天蓋から差し込む暖かき陽光が日向の顔を照らし行く窓の外を・・・
望めば叶うと信じていたあの頃の想い出を・・・
気が付けば、無意識のうちに胸の十字架を触っている自分自身を知って、 彼は、また一つ自嘲ぎみな笑みを浮かべる。
変わらない想い・・・
変えられない生き方・・・
それは日向にとって忌まわしき過去でもあり、
また始まりでもあったのだった・・・
ふふっ、昔は、嫌々やってた筈だったのになぁ・・・
当番制とは名ばかりだった葛城家の家事仕事全般が、脳裏の中に浮かんで来る。
女性二人に、男性一人という構成で、何故、僕だけが?
・・・という思いを、その当時は(本当にかなりの程度まで)抱いていた筈だったのだが、今にして思えば、自分一人のためだけにではなく、気負わないで回りの誰かのために何かをしてあげられるというふれあいは、それはそれだけでも十分に楽しいことであったのだ。
ボルシチ (ロシア風ビーフシチュー)
カツレータ (ロシア風ロールキャベツ)
世界中を旅して回っている時に何時の間にやら自慢レベルにまで急上昇してしまった得意料理の数々を、計『4人』分、お皿の上に盛り付けて行く休日の台所・・・
披露する意味も無く、埋もれたままだった僕の真価を発揮する機会が訪れて、僕は、この時、少しだけ有頂天になっていた事を否定出来ない。
フフ〜♪ フンフ〜ン♪
思わず鼻歌も出かけるぐらい綺麗に出来あがった料理の数々を運ぼうと、お皿を両手に持ったまま、すぐ真後ろを勢い良くクルリと振り向いた僕は、僕を見詰める6個の瞳にぶつかってしまった事にすぐさま気が付いたのだった。
「・・・先生」
「あっ、アスカ、ツバサ君、アサヒちゃん、お待たせ〜 時間はかかったけど、ようやく出来たよ! 一杯あるから、みんなで運ぶのを手伝ってくれる?」
「・・・ウ、ウン。だけど、その前に、ちょっと・・・」
「ん?」
MASTER・DEEDの青いエプロンの紐を解きながら返事をする僕の目の前に居るアスカは、何故か凄く言い難そうな様相を浮かべている。

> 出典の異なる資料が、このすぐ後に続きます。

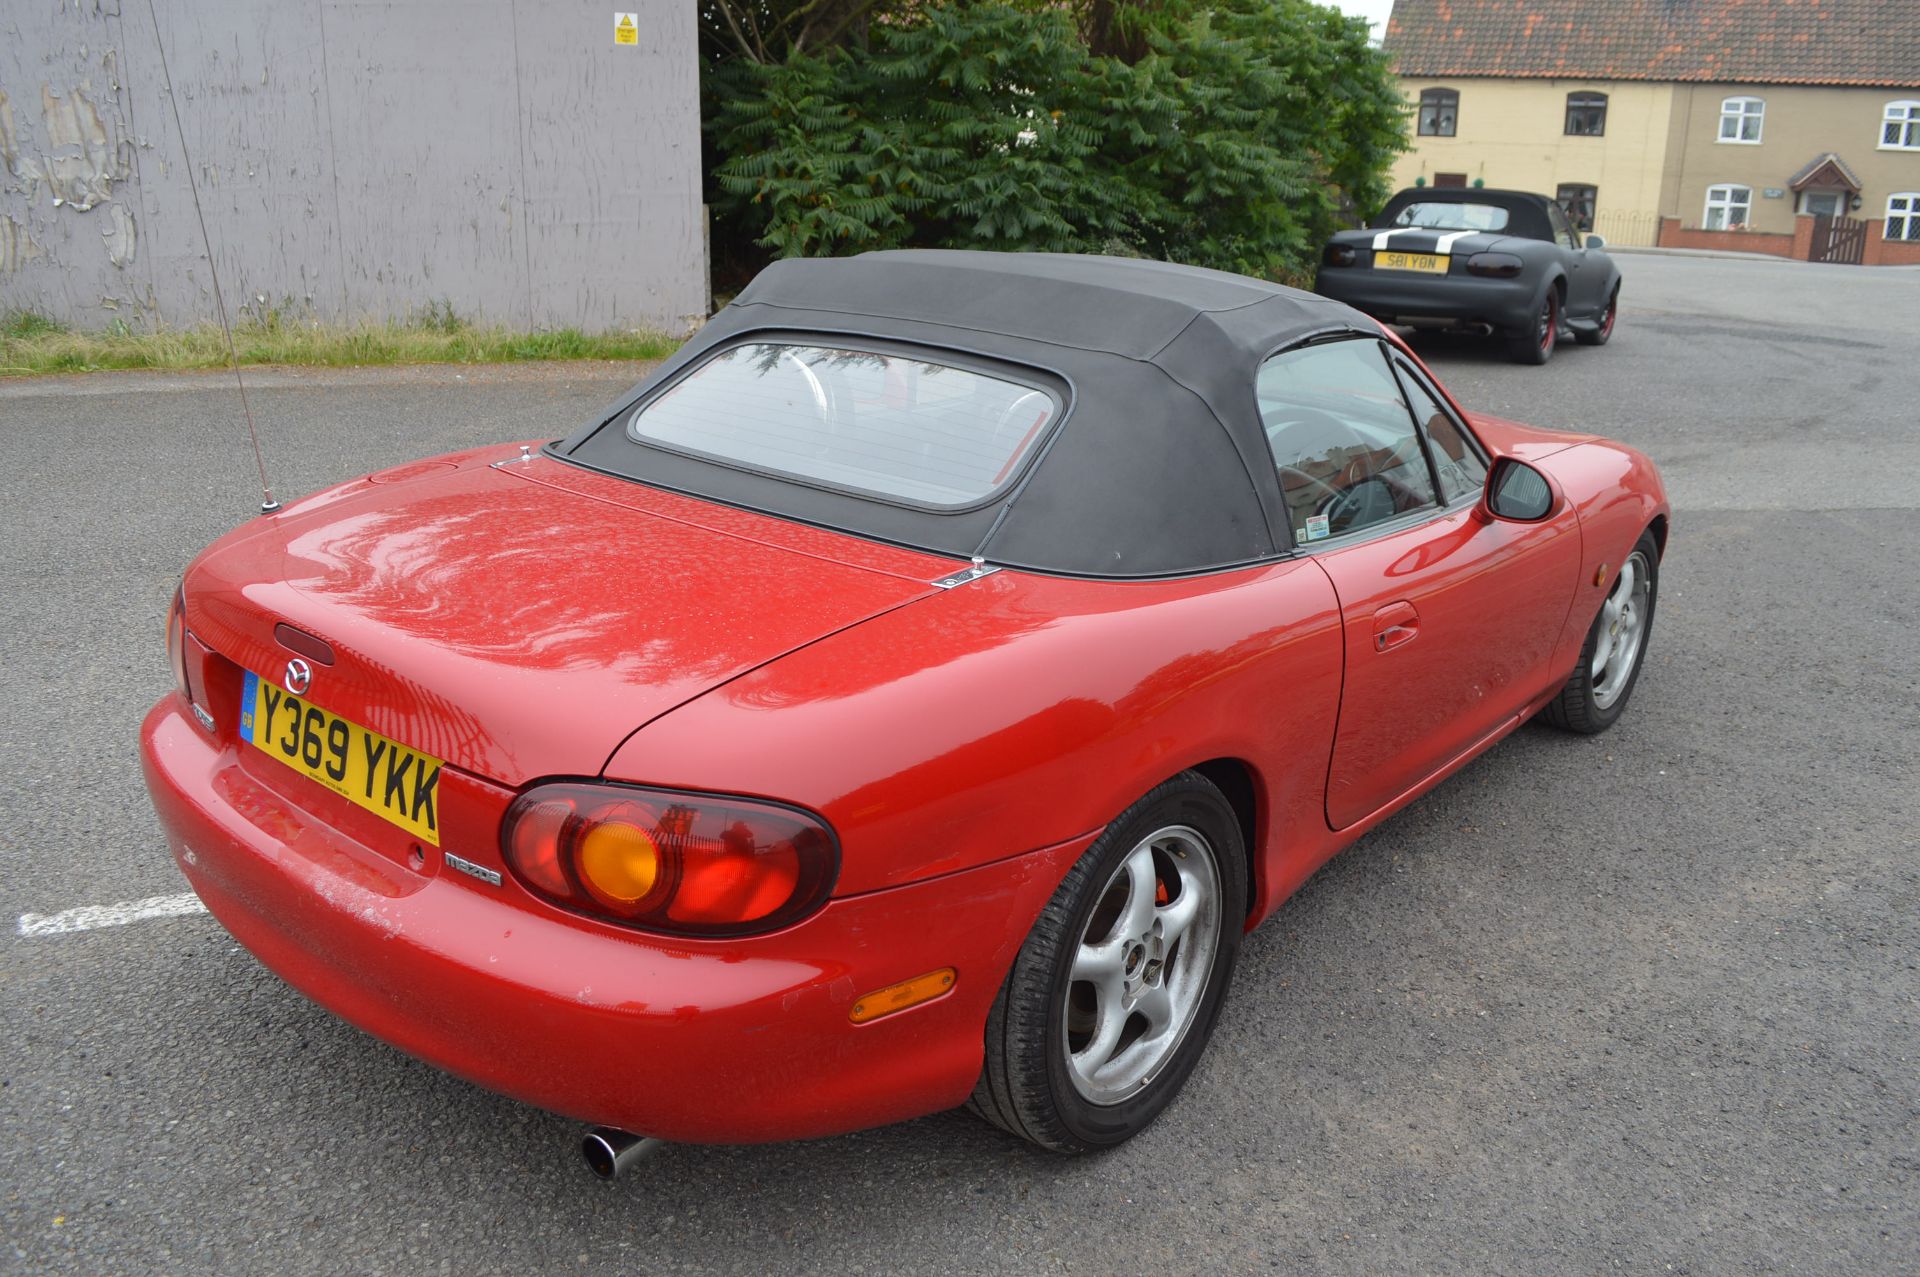 2001/Y REG MAZDA MX-5 1.81 CONVERTIBLE, UPRATED SUSPENSION, BRAKES, INDUCTION ETC - Image 6 of 17

僕は、熱々のボルシチ(シチュー)の鍋を運ぶ為に、大きな熱遮グローブを手のひらにはめ付けながら、それから一向にその先を喋ろうとしなくなったアスカに対して、特に考えるでもなく答えた。
「どうしたの? 何かあったの? アスカ?」
「え!? あ、あのね・・・ 実は、その・・・ 聞いておきたい事が・・・ (無きにしも非ずと言うか、何と言うか・・・)」
「何を?」
しかし、その時、能天気にお鍋を持ったままに立ち尽くす僕と、(考えてみれば)らしくないほどに言いよどんでいるアスカとの間を、ドタバタと後ろから駆けて行ったツバサ君とアサヒちゃんの感嘆する大きな声が偶然にも重なった。
「うわぁああ・・・ えっらい待ったされただけあって、むっちゃくちゃ、美味そうやんかぁ!? これみんな、ほんまに先生が一人で作ったん? こういうの作るのって難しいんとちゃうんかなぁ?」
「本当に凄い・・・ プロみたい・・・」
「あ、こらぁ! 二人とも、つまみ食いは駄目だってば!!」
テーブルのお皿をつつきながら「そやかて、見るからに美味そうなんやもん!」と言うツバサ君の嬉しい御返事に、思わずちょっとだけ顔を綻ばせながら、僕は、年長であると言う事と聖職に携わる者としての威厳に懸けて、最低限譲れない一線を切り返す。
「つまみ食いだってそうだけど、二人とも、ネルフから帰って来てからこっち、ちゃんとお手々は洗ったの? 当然、石鹸を付けてだよ?」
・・・と。
そうすると、「勿論、洗ったよ。ほら!」と、その手のひらを同時に突き出すツバサ君とアサヒちゃんの子どもらしい可愛い姿があったのだった。
勿論、そのお絵描きクレヨンの付着している手のひらあたりを見てみれば、二人とも元気の良い返事とは裏腹に、いいかげんにしか洗っていないという事なんか、とっくの昔にバレバレだ。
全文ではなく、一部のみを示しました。